• Je suis Marguerite PERFEZOU et si je parle breton et certainement français, je ne parle pas "verlan" malgré le titre de ce billet.

    Mais, si adapter mon nom de famille afin de coller à un certain Challenge  fait que l'on parle de moi, je ne suis pas contre.

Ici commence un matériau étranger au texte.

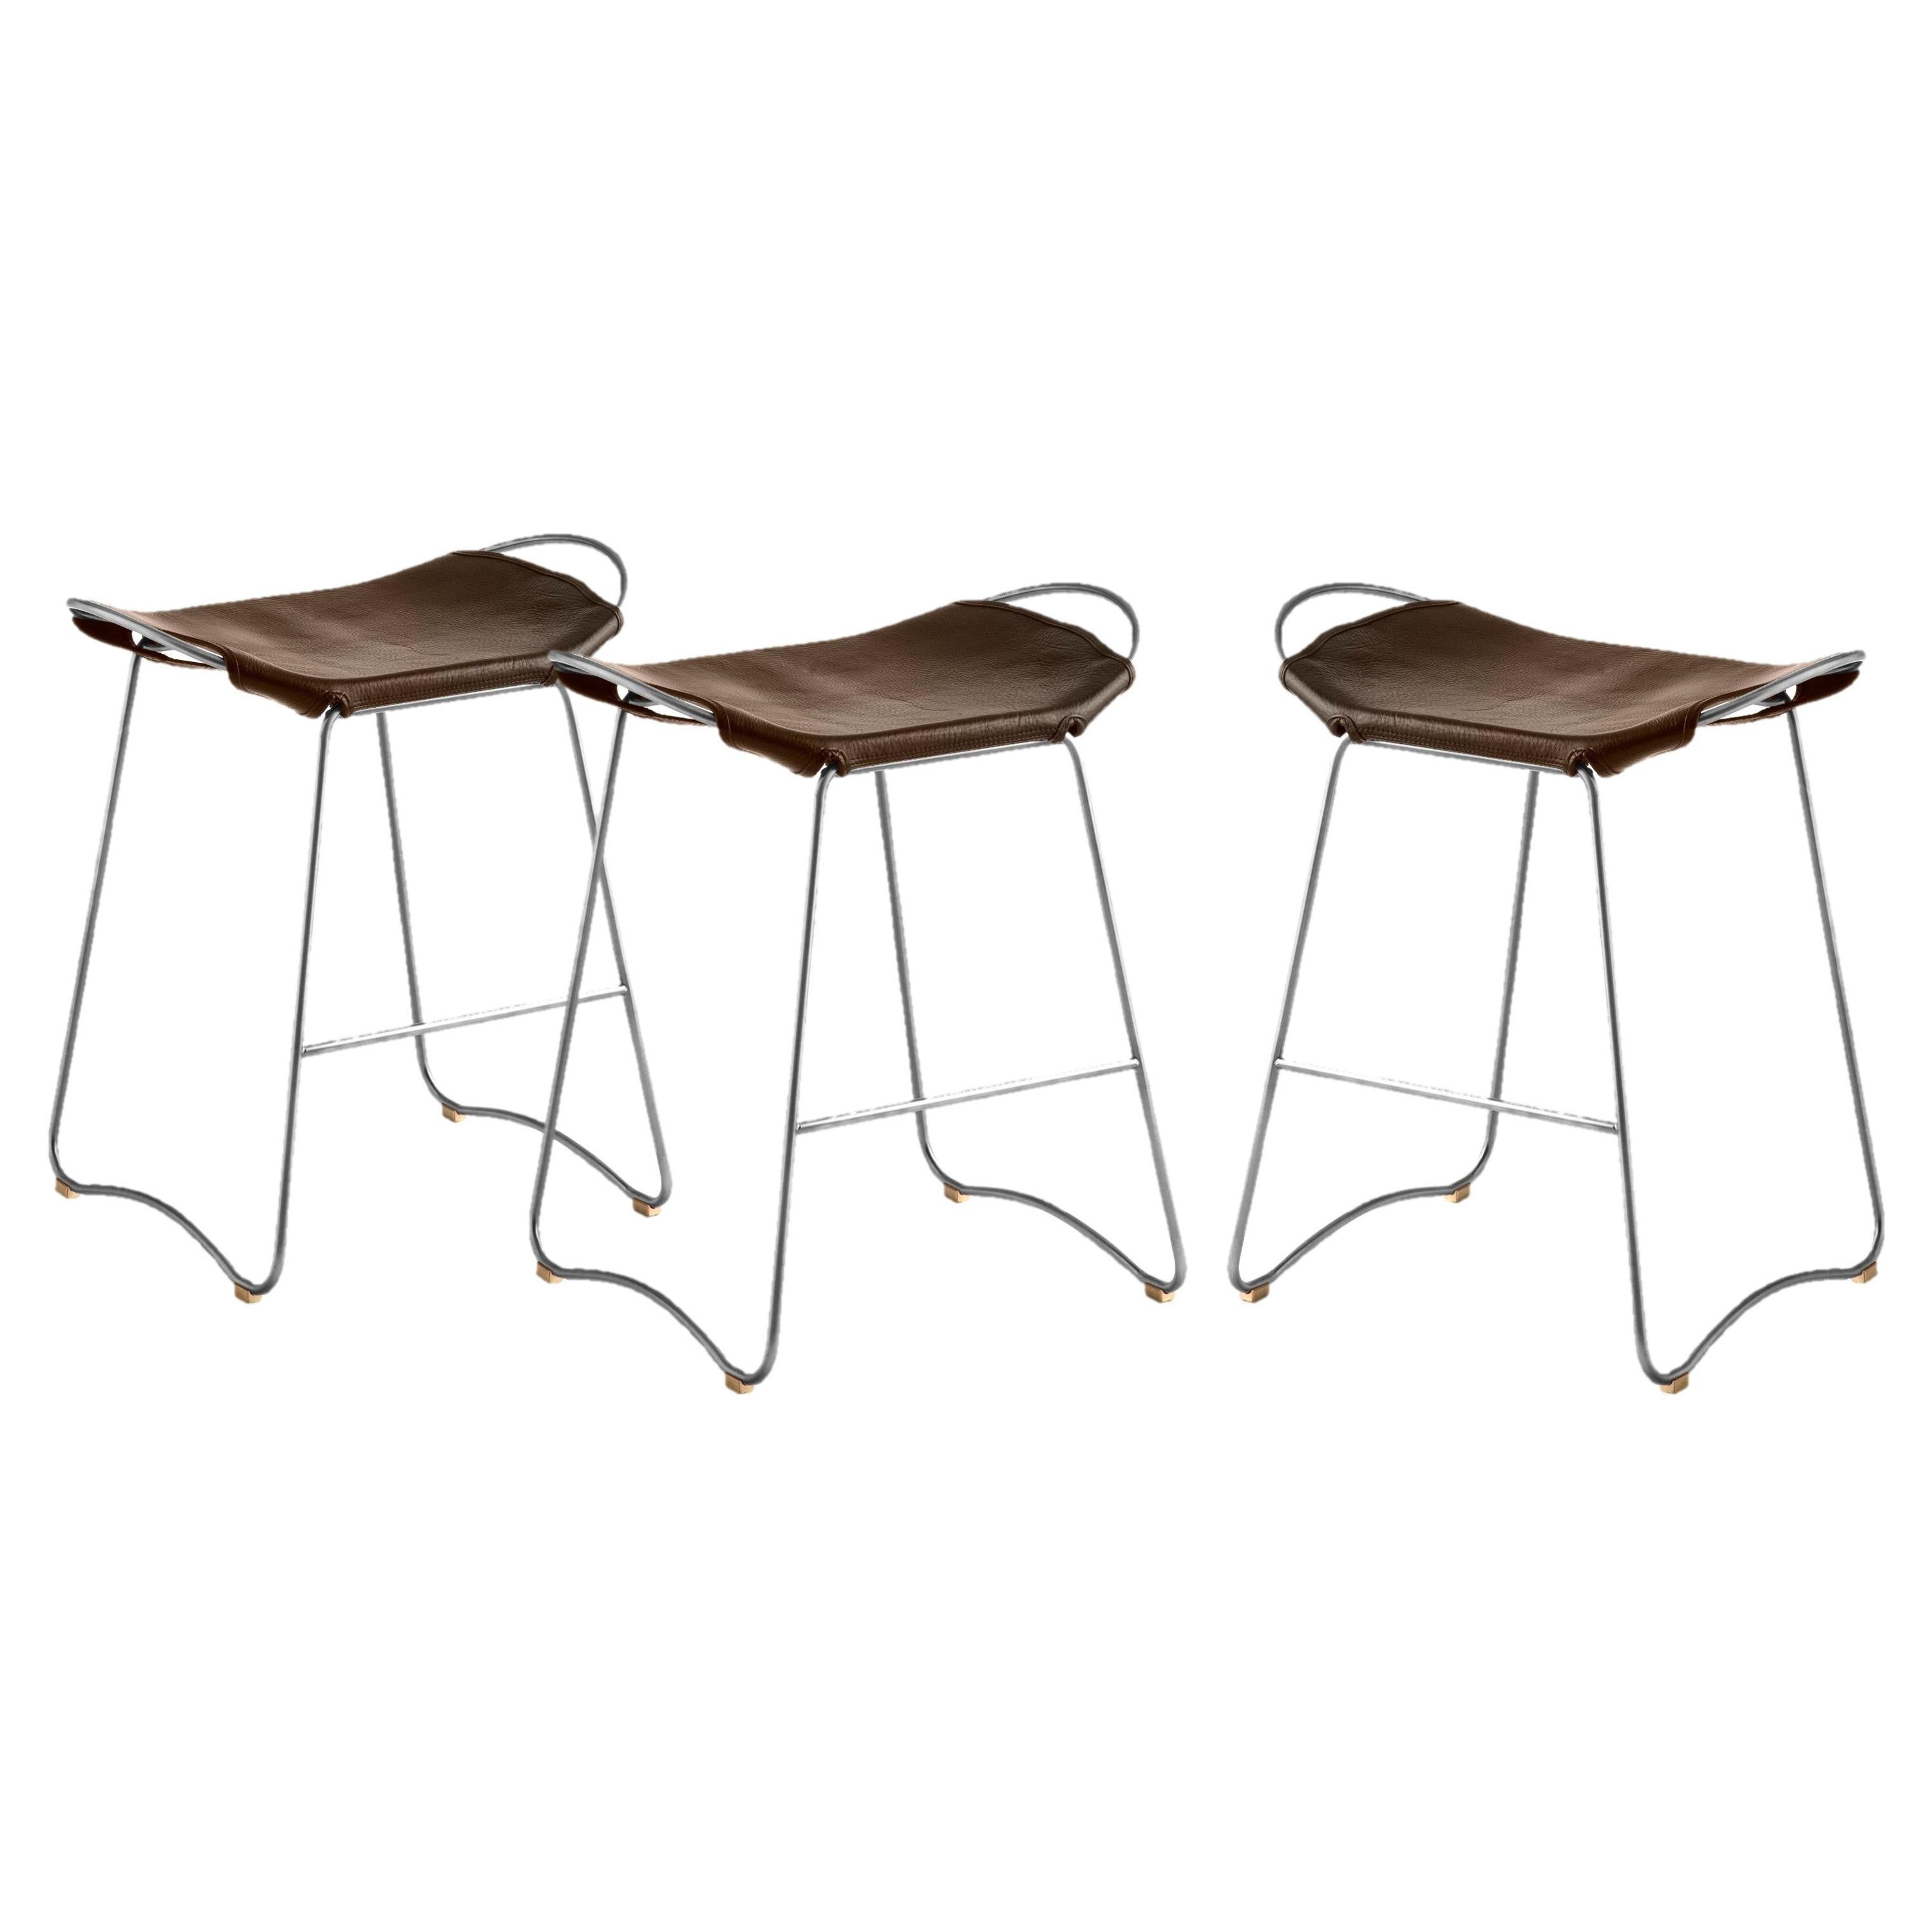 Set of 3 Organic Contemporary Bar Stool Old Silver Metal & Dark Brown Leather

    Etant une invisible, j'ai enfin mon heure de gloire.  

    Je suis née à Argol le 21 août 1681.

    Mes parents étaient Yves PERFEZOU et Marie LE ROY.  

    J'ai eu 11 frères et soeurs, mais je n'ai pas eu la chance de tous les connaître. Certains sont décédés avant ma naissance.  

    Nous habitions le quartier de Kernivinen à Argol.

    Le 21 septembre 1707 à Argol, j'ai épousé  Mathieu COLOBERT. 

    Je me suis mariée à 22 ans, mon mari en avait 26.

    Hélas, ce n'est pas mon père qui m'a accompagné à l'autel, il est décédé avant mon mariage. Mais maman était présente. 

    Ce sont donc mes deux frères Mathurin et Louis que j'avais choisis comme témoins. Je me suis toujours très bien entendue avec mon grand frère Mathurin, nous avions tout juste un an de différence.  

    Mathieu et moi aurons au moins sept enfants. 

    Je vais perdre mon époux en 1735. Il avait 54 ans.

    Je vais le rejoindre dix-sept ans plus tard.

    Je vais fermer les yeux pour toujours à Argol ma commune d'origine que je n'ai jamais eu l'occasion de quitter.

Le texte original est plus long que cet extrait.